Доктор махнул рукой, открыл рот, будто сбираясь сказать что-то решительное и, быть может, не совсем учтивое, но, повстречавшись снова нечаянно с серыми честными глазами, так выразительно на него устремленными, вместо резкого ответа, снова махнул рукой и очень тихо промолвил:
— Ну, что ж?.. Уезжайте себе с Богом… Справлялись без вашей помощи до сих пор, справимся и до конца…
Последнюю фразу он пробурчал едва внятно, отвернувшись к окну, будто бы рассматривал на свет склянку с микстурой, и тут же прибавил:
— Прикажите переменить! Она застоялась… Лучше брать свежую, каждый день.
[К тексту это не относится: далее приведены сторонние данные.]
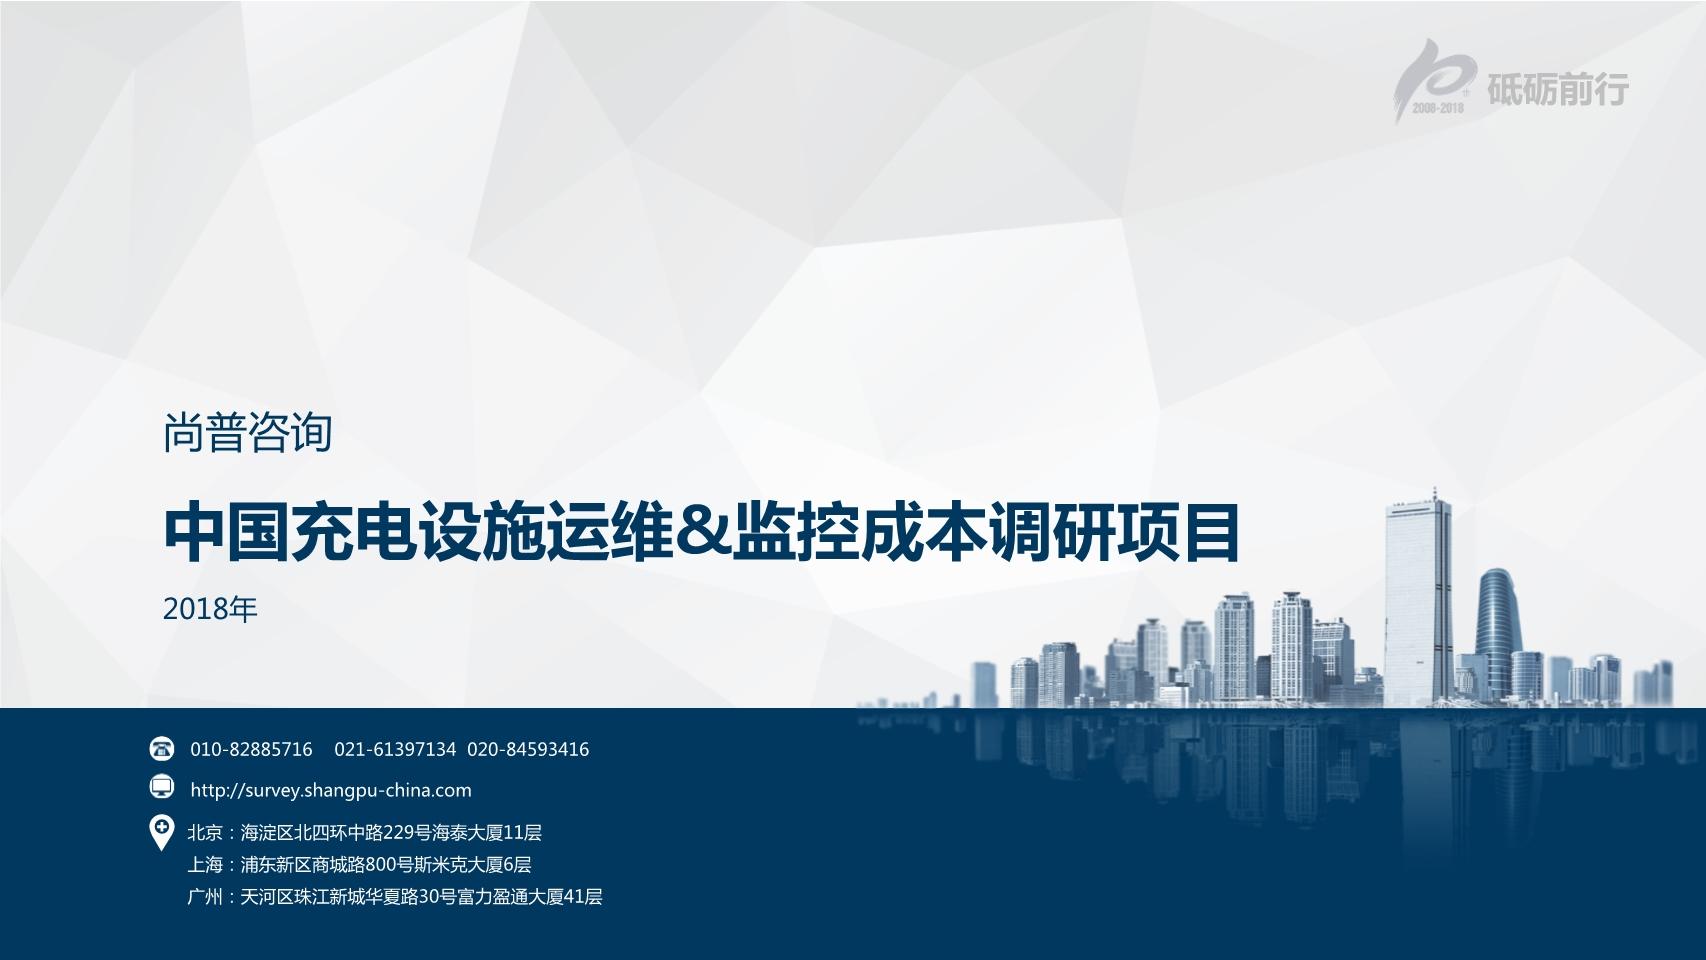 尚普咨询—中国充电设施运维&监控成本调研项目
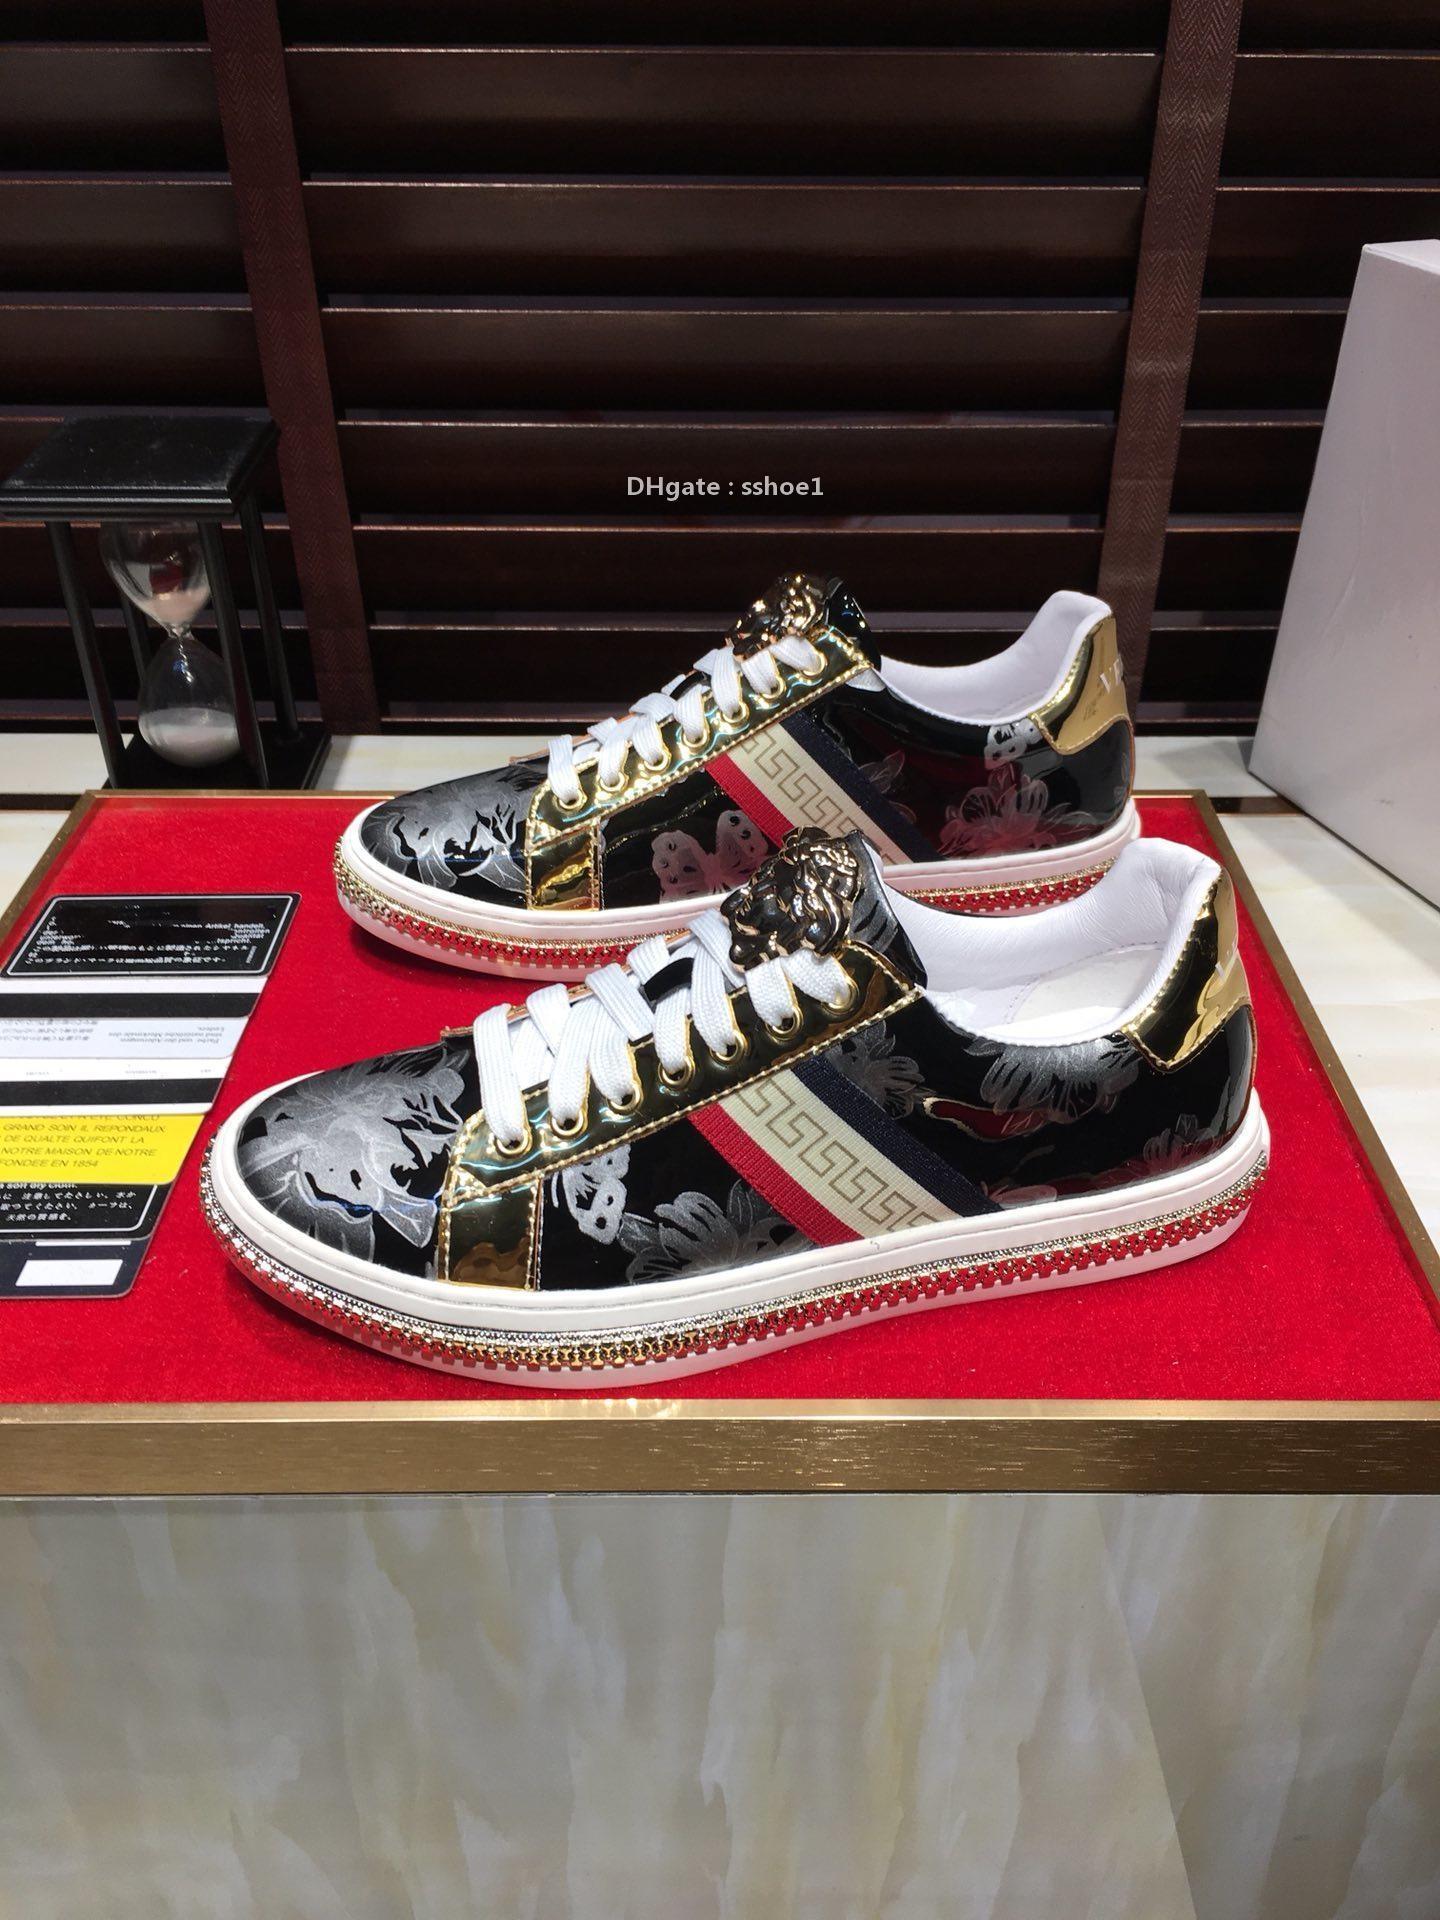 2021-2020 Nuovo cuoio genuino degli uomini '; Scarpe sportive S Large Size di modo selvaggio Lace-Up scarpe da tennis bassa -Top comode scarpe traspiranti Tide

Госпожа Молохова между тем тот час же приняла к сведению новое положение дела, шумно встала и вышла, чтобы сделать распоряжения.
Когда мачеха вышла из комнаты, Надежда Николаевна, что-то усердно складывавшая на диване, какое-то белье или платье больной, вдруг разогнулась и с улыбкой посмотрела на доктора.
— Вы заставили меня поступить против совести, — сердито сказал он. — Честно ли это одобрить?.. Какая мать может позволить себе оставить больного ребенка?!.
— Такая именно, которой присутствие ему не приносит никакой пользы, — тихо сказала Надя. — Зачем ее стеснять и детей подвергать опасности?.. Бог с ней!.. Пусть себе едут, a я, по правде сказать, этому буду и за себя рада.
— Чего тут радоваться? — буркнул Антон Петрович. — Одиночеству?.. Ответственности?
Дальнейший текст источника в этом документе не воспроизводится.